Thought: I use min1, max1 to record the starting point and end point of increasing subarray of length two. They are initialized to both 1 as an indicator if such array ever exists. Thus, I can avoid the usage of INT_MAX.
So, starting from position 1, when we encounter a new number, we have the following situations:

It’s the global min. Minimum so far

Length of two subarray already exists(max1 > 0), and this number is greater than nums[max1], so answer is found.

If all above didn’t happen, and we found that current number is actually greater than global min, so they become the length of two increasing subarray. Please note that this could be 1) the first length of 2 array or 2) a better length of 2 candidate array. The new nums[max1] should be less or equal to the prior nums[max1] if it exists. Why? Otherwise, we should already return true in scenario 2 already right?
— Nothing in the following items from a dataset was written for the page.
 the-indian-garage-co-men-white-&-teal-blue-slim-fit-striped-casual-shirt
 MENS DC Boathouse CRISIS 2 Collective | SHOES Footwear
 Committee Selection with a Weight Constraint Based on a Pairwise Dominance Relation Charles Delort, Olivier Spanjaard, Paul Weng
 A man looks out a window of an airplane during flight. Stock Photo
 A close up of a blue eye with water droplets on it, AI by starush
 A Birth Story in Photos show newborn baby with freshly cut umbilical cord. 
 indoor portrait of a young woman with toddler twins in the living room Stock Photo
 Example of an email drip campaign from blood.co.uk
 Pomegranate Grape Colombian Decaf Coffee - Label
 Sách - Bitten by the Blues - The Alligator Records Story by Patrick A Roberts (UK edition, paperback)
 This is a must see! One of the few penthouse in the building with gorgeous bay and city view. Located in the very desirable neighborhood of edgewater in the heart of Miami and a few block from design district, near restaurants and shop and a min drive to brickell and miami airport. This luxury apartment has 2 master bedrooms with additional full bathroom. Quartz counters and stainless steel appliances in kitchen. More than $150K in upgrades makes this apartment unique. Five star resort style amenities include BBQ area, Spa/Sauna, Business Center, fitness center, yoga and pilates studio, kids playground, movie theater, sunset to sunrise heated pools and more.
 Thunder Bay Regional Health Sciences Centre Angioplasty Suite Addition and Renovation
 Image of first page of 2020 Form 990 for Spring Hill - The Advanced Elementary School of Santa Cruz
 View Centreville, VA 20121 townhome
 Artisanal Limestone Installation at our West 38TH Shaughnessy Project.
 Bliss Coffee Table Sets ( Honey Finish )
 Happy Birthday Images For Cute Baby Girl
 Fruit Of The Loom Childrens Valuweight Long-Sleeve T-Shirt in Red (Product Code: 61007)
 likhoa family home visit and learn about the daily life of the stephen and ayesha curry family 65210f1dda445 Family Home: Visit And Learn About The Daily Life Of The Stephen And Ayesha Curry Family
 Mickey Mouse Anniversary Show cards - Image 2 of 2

Done. Return false if true never happens :) Hope this helps.
As an example:
e.g. 6.......5.......3.......5.......5.......4.......2.......5
......................min1 max1
......................min1...................max1 (better candidate min1, and max1)
.................................................................found (6 > nums[max1], so [3, 4, 5] satisfies the requirement)
class Solution {
public:
bool increasingTriplet(vector<int>& nums) {
if(nums.size() < 3) return false;
int idx_globalMin = 0;
int min1 = 1, max1 = 1;
for(int i = 1; i < nums.size(); i++){
if(nums[i] < nums[idx_globalMin]){
idx_globalMin = i;
}
else if(max1 > 0 && nums[i] > nums[max1]) return true;
else if(nums[i] > nums[idx_globalMin]) {
min1 = idx_globalMin;
max1 = i;
}
}
return false;
}
};